In the respiratory system, dyspnea can develop owing to limited chest excursion as a result of stiffening of cartilage in the chest wall. Our subject had normal range of chest excursion without any symptoms nor any anaesthetic complications. Usually the disorder does not affect life span. After receiving alendronate therapy for two years after the periprosthetic fracture there was improvement in bone mineral density. It now seems practical that adequate antiresorptive therapy to prevent bone fractures in ochronotic patients should be considered much earlier in the course of treatment.

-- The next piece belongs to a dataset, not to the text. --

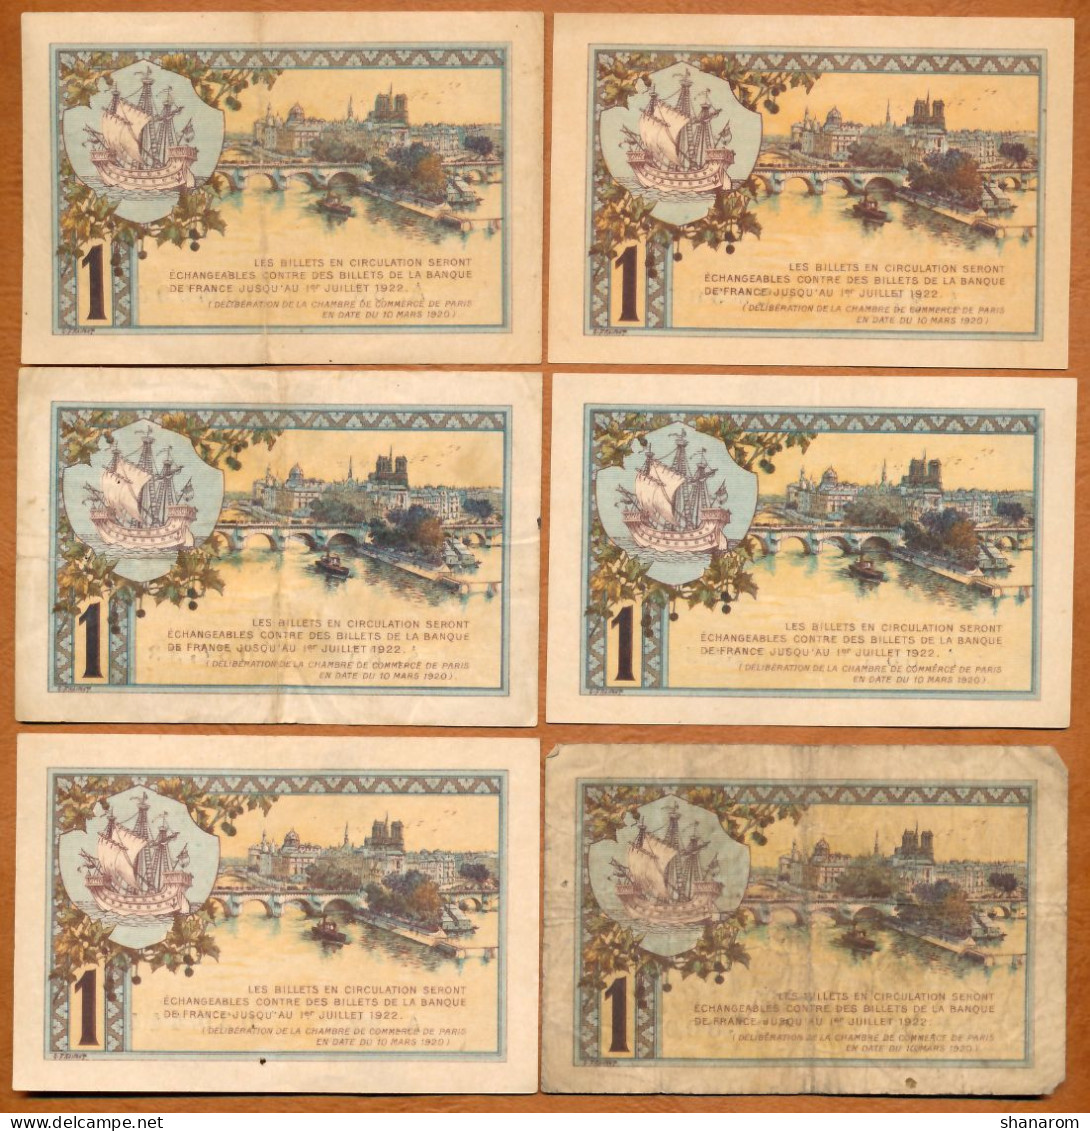 1914-20 // C.D.C. // PARIS (75) // Mars 1920 // 38 Billets // Séries Différentes // Un Franc

Our patient has been followed for 2 years post-periprosthetic fracture with good radiological union with regular exercises, antiresorptive therapy and he is able to carry out his activities of daily living with walking aid now at the age of 79.

[Table/Fig-1]:

X-ray showing (a) periprosthetic fracture of left femur with Austin moore prosthesis and (b) postoperative fixation with Dynamic Compression platewas

[Table/Fig-2]:

Photograph of eye showing ochronotic pigmentation in sclera

[Table/Fig-3]:

Photograph of ear showing black pigment deposition in cartilage with bony hard pinna

[Table/Fig-4]:

Photograph showing urine specimen immediately on voiding (left) and conversion to brownish black color on long standing (right)

[Table/Fig-5]:

Photomicrograph showing brownish black pigment deposition in cartilage. (Haematoxylin and eosin stained magnification 400 X)

[Table/Fig-6]:

X-ray lateral view of lumbar spine showing osteoporosis, gross narrowing of disc spaces, and calcification of intervertebral discs

Early diagnosis to prevent contracture, timely treatment of fractures and antiresorptive therapy to prevent fractures is absolute necessary to prevent further disability. Physicians and surgeons should be aware of multiple system involvement in this disorder, as early recognition and appropriate treatment may significantly improve the quality of life in these patients.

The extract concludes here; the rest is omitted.